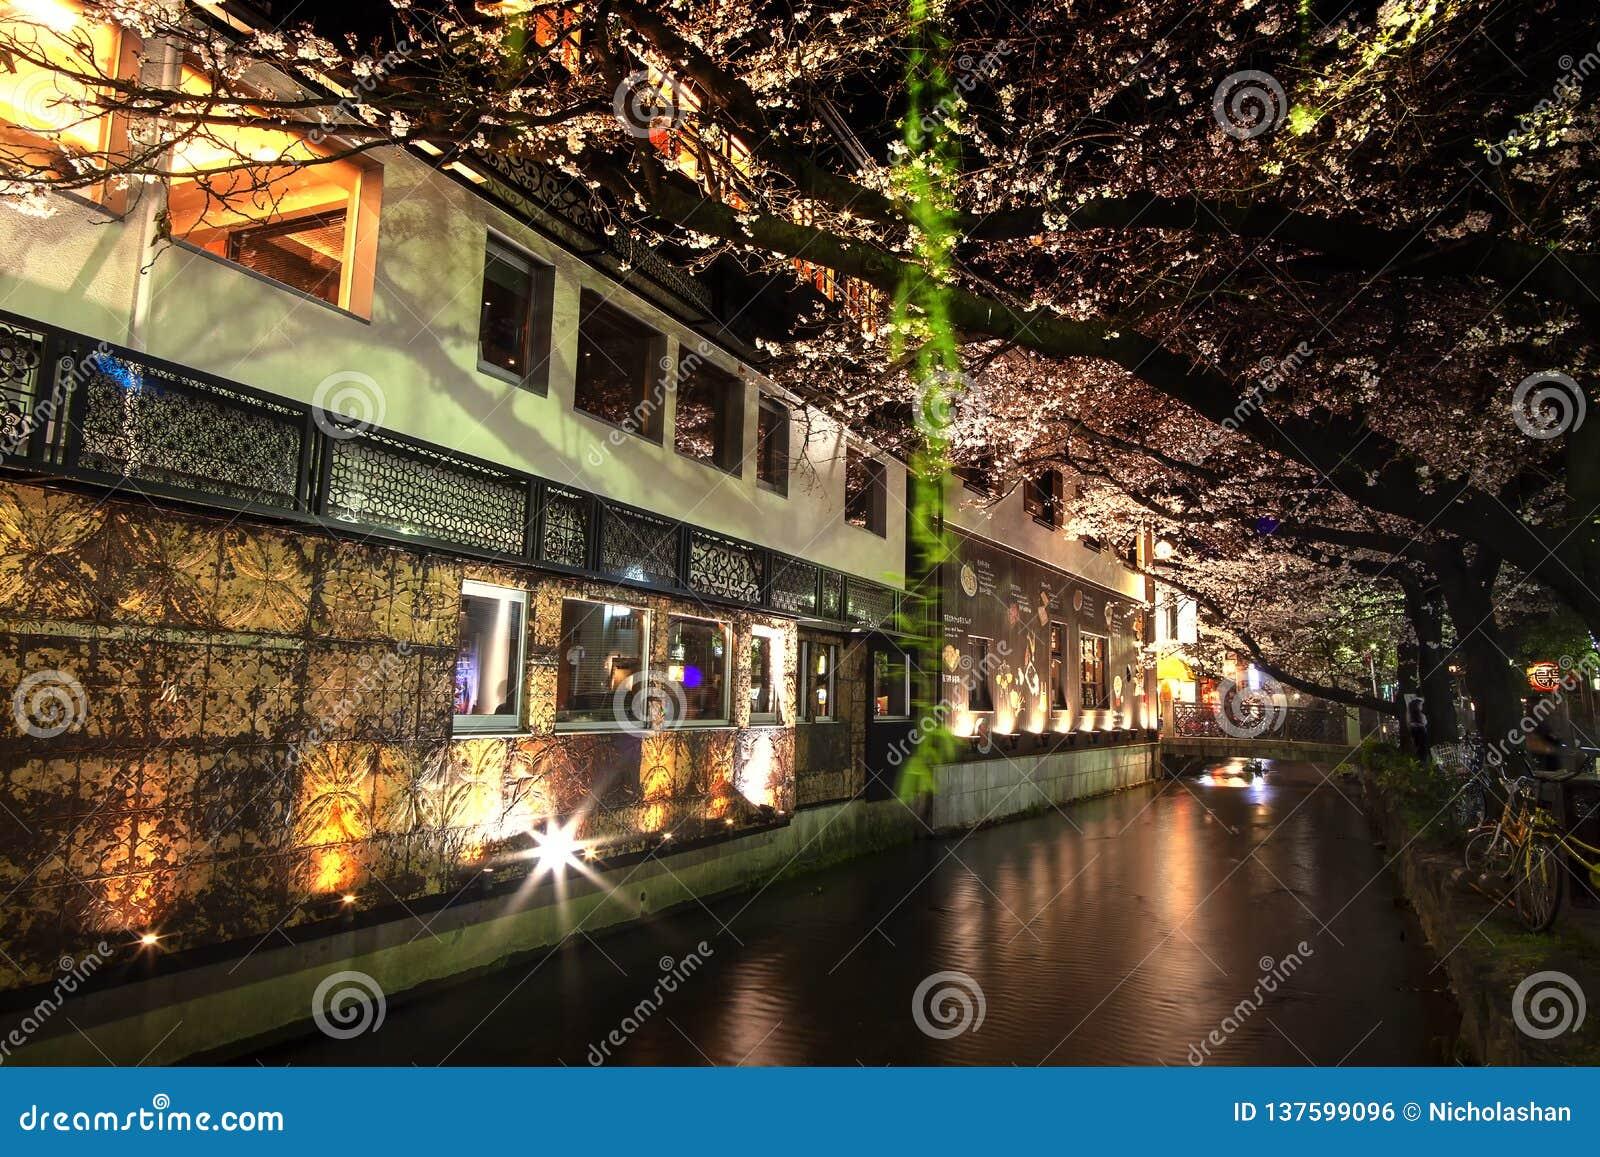 Estación de la flor de cerezo de Japón en Kyoto a principios de marzo cada año, Japón
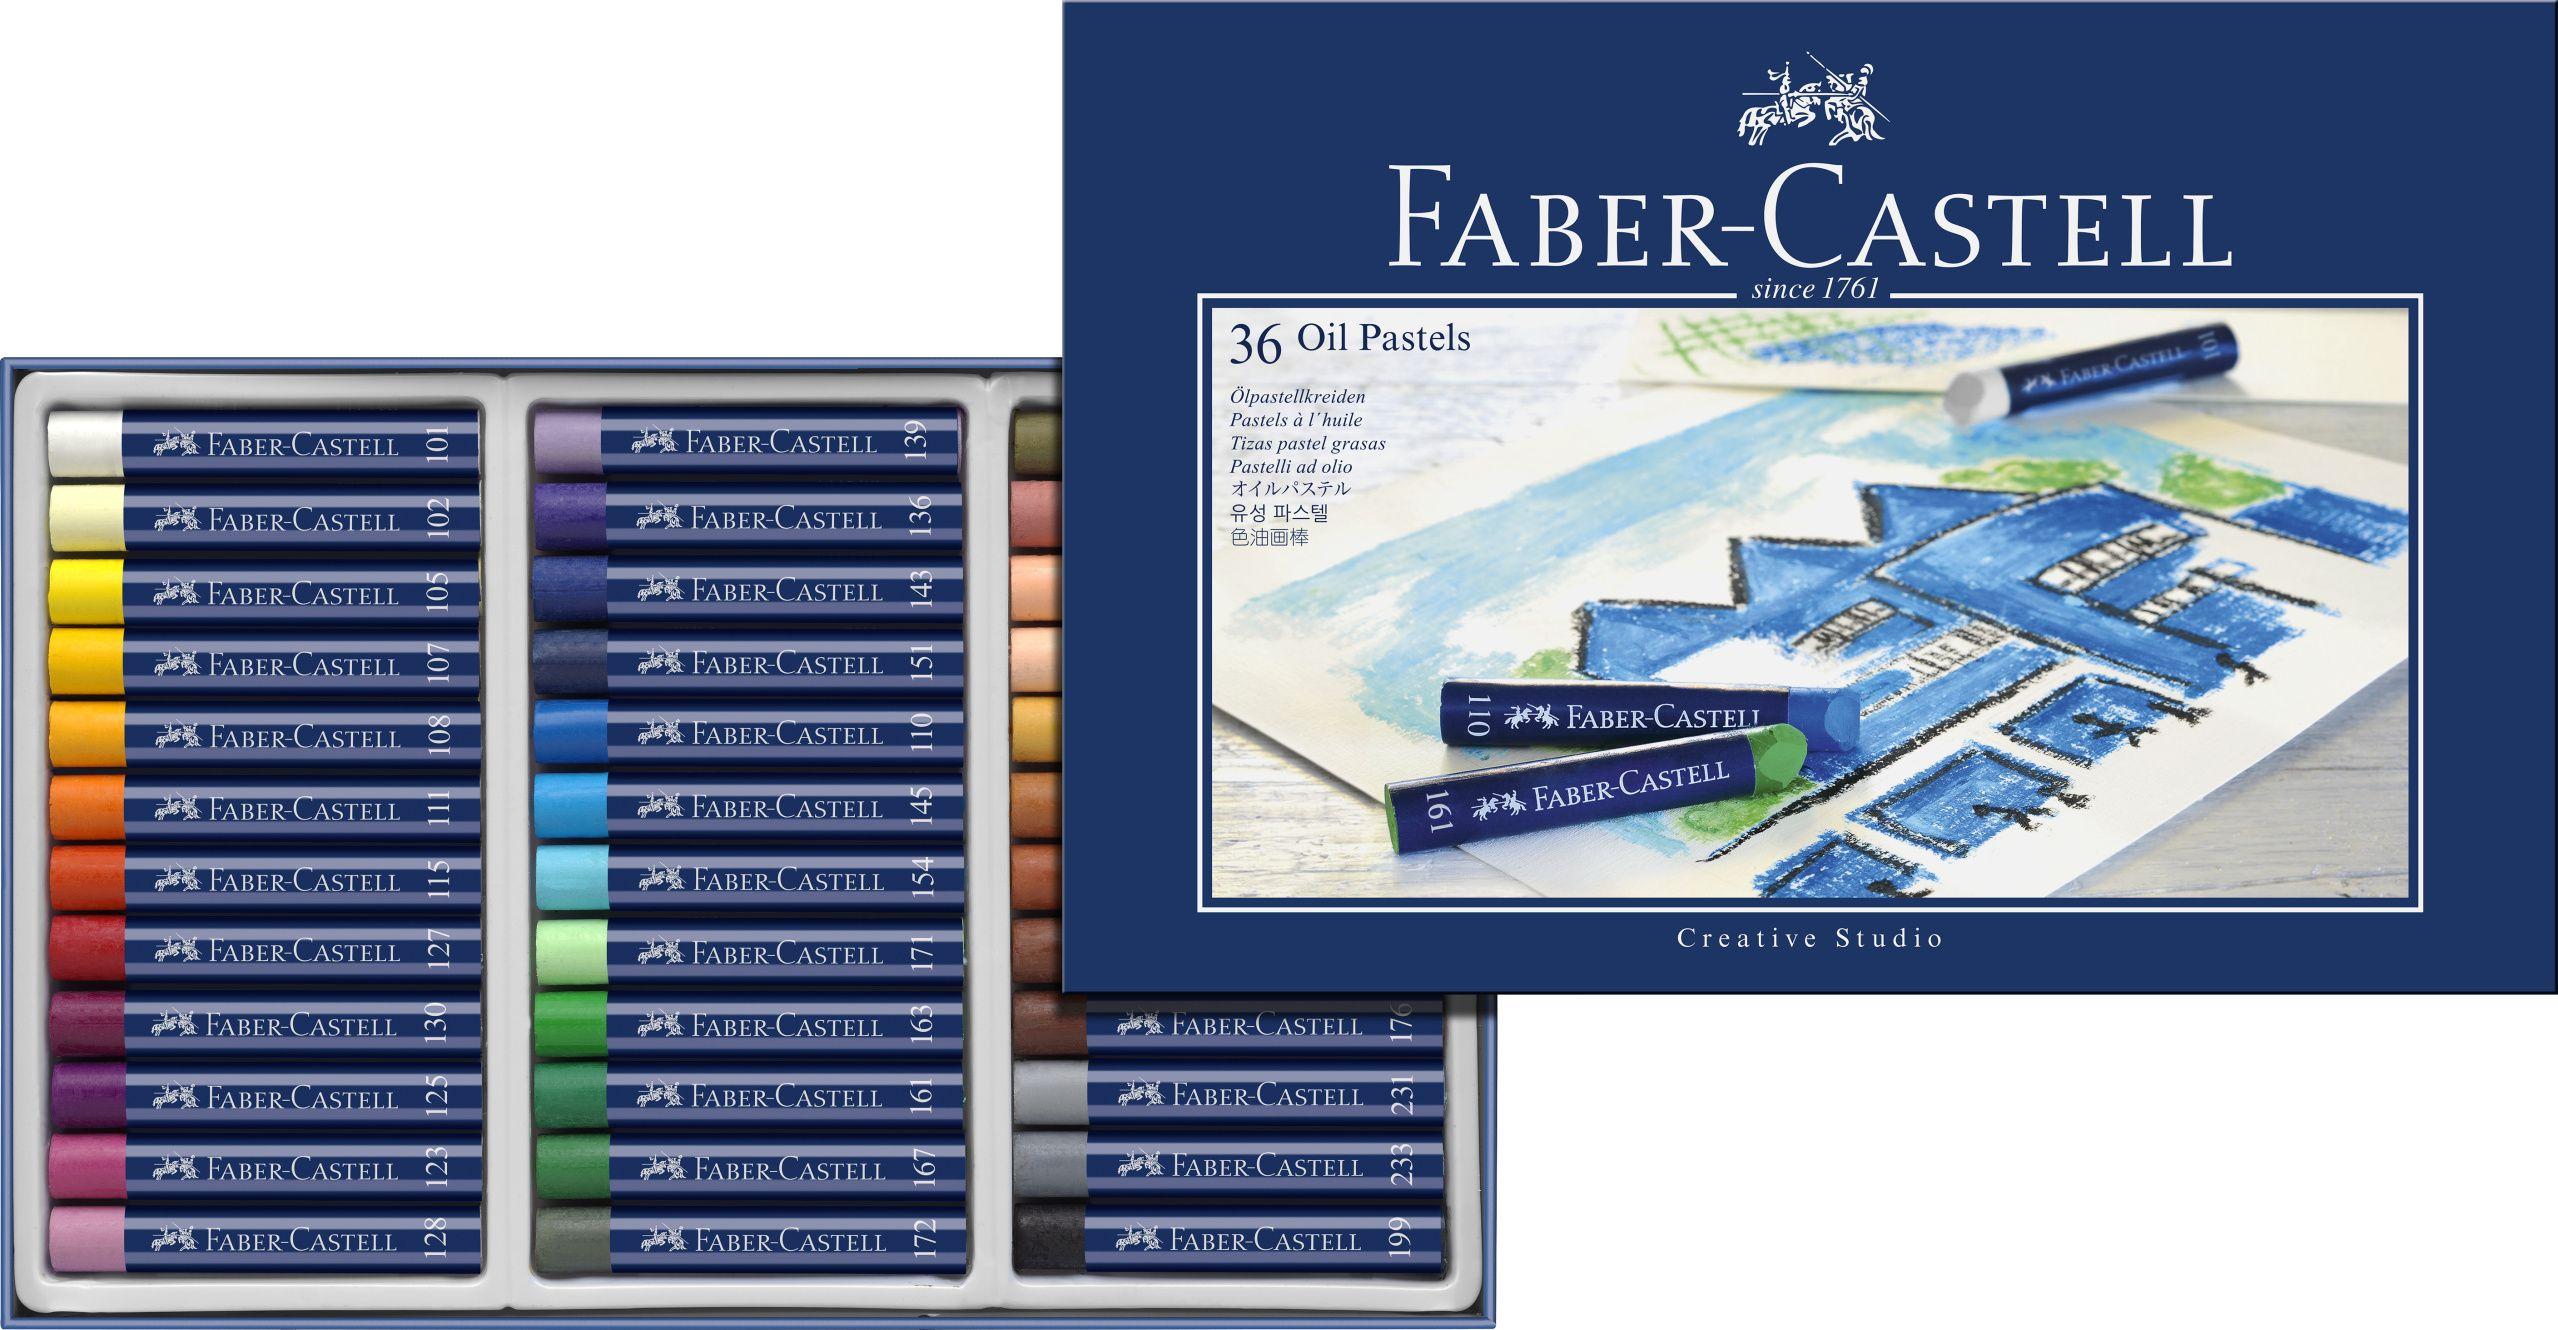 Маслени пастели Faber-Castell - Creative Studio, 36 броя - 2
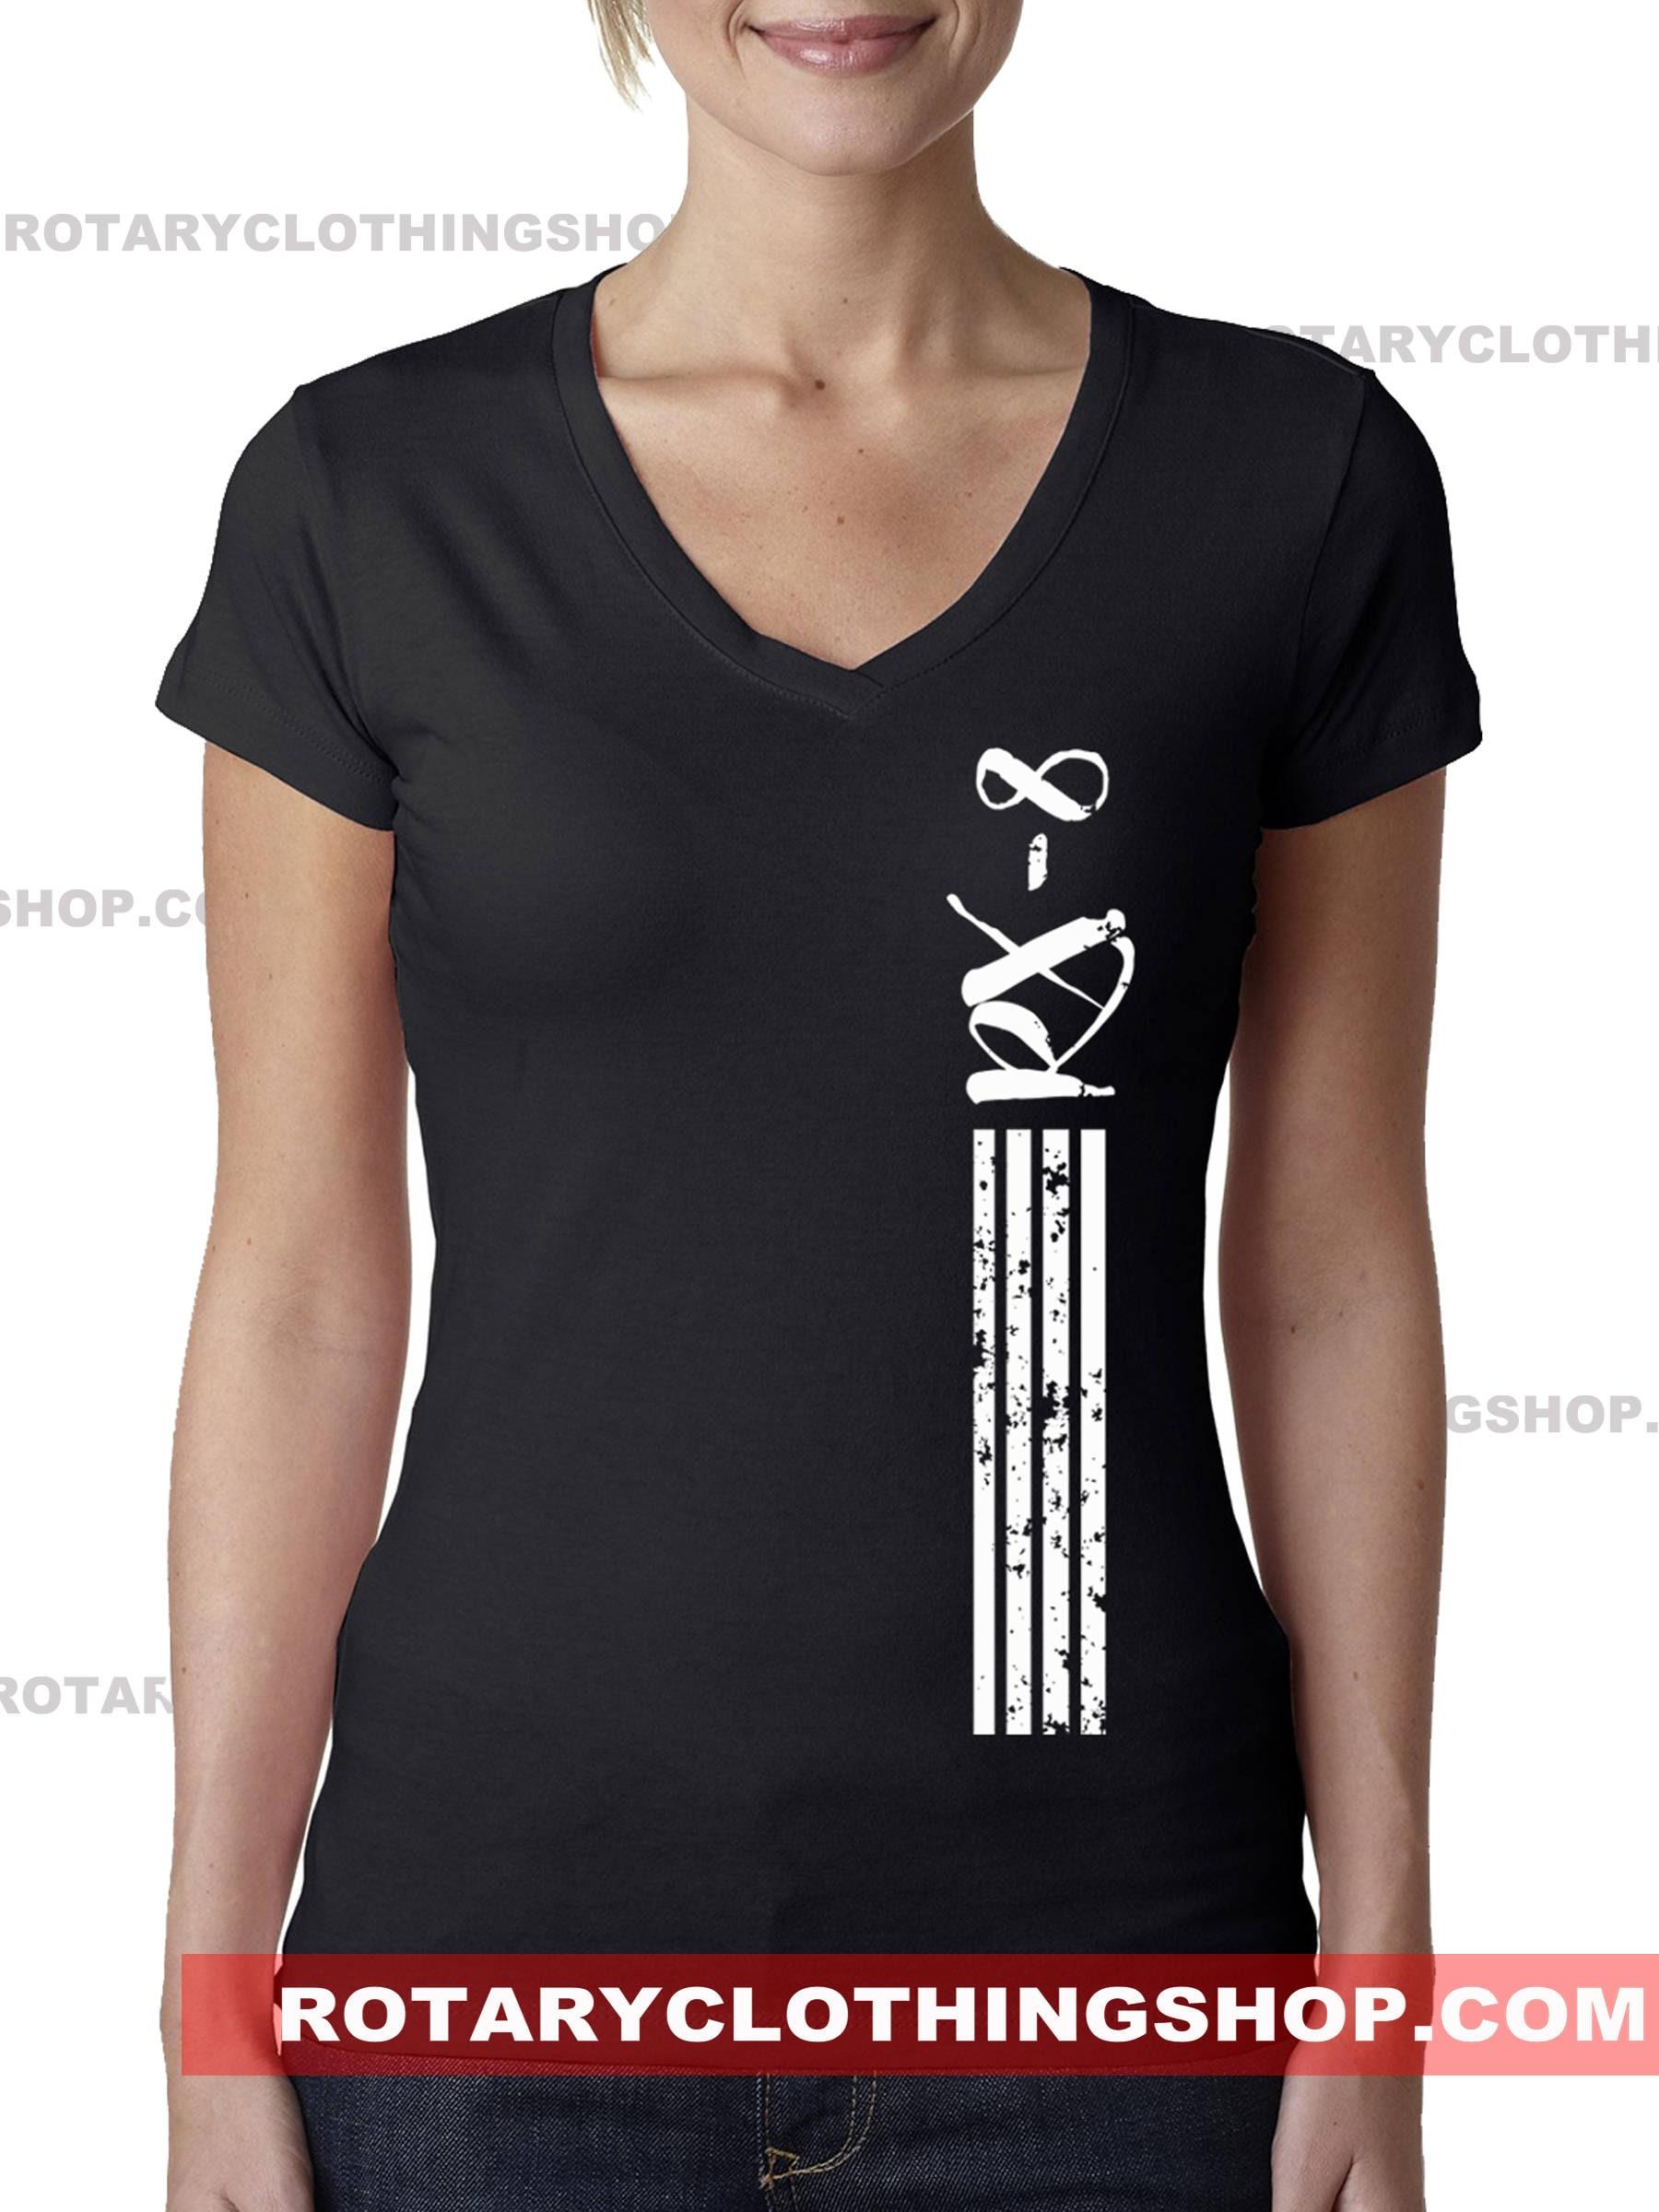 Rx-8 Stripes -Ladies top -Rotary Engine - Graphic Tshirt

▶ About this task:
With the pictures removed, return the data above word for word.

▶ Output for this task:
 Estación de la flor de cerezo de Japón en Kyoto a principios de marzo cada año, Japón
 Маслени пастели Faber-Castell - Creative Studio, 36 броя - 2
 Rx-8 Stripes -Ladies top -Rotary Engine - Graphic Tshirt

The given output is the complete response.